Researcher, Fujitsu Laboratories Ltd
Takashi Yamazaki received Doctor of Science from the Tokyo University of Science in Japan in 2004. Since 1999, he has investigated structural analysis at atomic resolution by transmission electron microscopy (TEM). Since 2008, he has been with FUJITSU Laboratories, and engaged in the investigation of nanometre scaled quantitative analysis of electronic devices by using TEM. Since 2009, he has engaged in the study of numerical optimization for quantitative analysis of analytical techniquea.
Speeches
With progress in recent electronic devices and functional nanometre-scale materials, analysis techniques are receiving increased attention. However, owing to the complexity of materials and of the control of instruments, belonging to the individual of the analysis technique becomes remarkable as the problems for development of the company. We feel that numerical optimization techniques, as methods, have great potential to solve such a problem. In this presentation, we provide examples in which numerical optimization is applied to analysis techniques.
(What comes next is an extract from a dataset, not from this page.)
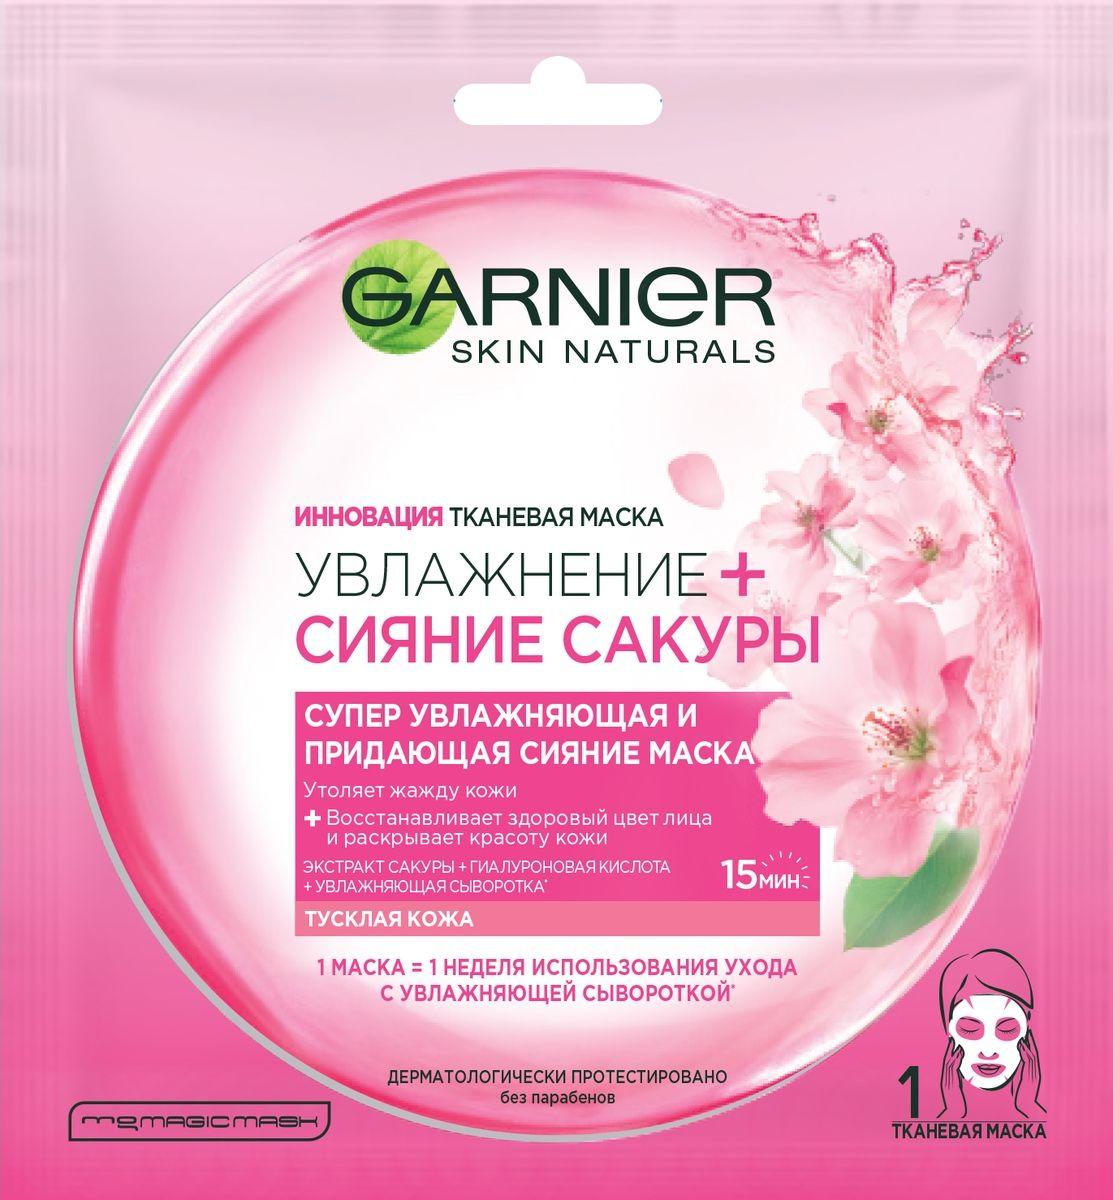 Маска для лица Garnier Увлажнение + Сияние Сакуры, тканевая, увлажняющая, для тусклой кожи, 32 гр garnier маска тканевая комфорт для сухой и чувствительной кожи 32 г

First, we present an example in which stress induced into an electronic device sample at the nanometre scale was analyzed through numerical optimization. Because the induced stress in an electronic device changes electric characteristics in an advantageous manner but with drawbacks, it is important to measure the induced stress. However, we cannot measure the stress using conventional stress measuring instruments, because the size is of the nanometre scale. Therefore, we focused on the electron diffraction patterns and suggested a method to quantitatively measure the bending of the sample on the basis of a comparison between an experimental image and a simulated image. However, because the image matching was performed by eye, the method lacked both efficiency and objectivity in its measurements. Therefore, we searched for the simulated image having the optimized parameters to reproduce the experimental image using modeFRONTIER®. Furthermore, we applied modeFRONTIER® to the process of measuring the quantitative stress necessary to cause the bending introduced into a sample through a finite element method. The stress applied by the source to a sample could be measured objectively with high efficiency and high accuracy by using this method.
In order to perform radiation analysis with high precision, a second example concerning the structural optimization of an alpha-particle detector is introduced. A malfunction, called the soft error, may occur by the illumination of charged particles, such as alpha particles, in an electronic device. Using the analysis technique, we must exactly measure the low-dose alpha particles to minimize the influence of the soft error. We suggested a method, called the alpha-tracking method, using the solid detector to measure the infinitesimal alpha particles. However, this method revealed that the detector cannot detect all irradiated alpha-particles. Therefore, we searched for the optimal shape of the solid detector using modeFRONTIER®. The irradiation process of the alpha particles was reproduced through a Monte Carlo simulation, and the optimization was performed for finding the optimal shape of a solid detector. Because we understood that the time necessary for the detection of alpha particles using the solid detector and the area of the solid detector have a trade-off relationship, numerical optimization was performed by setting these values to be object functions. As a result, we found the optimal shape of a solid detector; a solid detector of the optimal shape is two times as efficient as a conventional solid detector. In this presentation, the results of this optimization and the cluster analysis are explained in detail.
Furthermore, to control analysis instruments, such as scanning probe microscopes, we suggested a control system to show the optimal measurement condition that yields the most suitable result by combining modeFRONTIER® with LabVIEW. Those results are also reported.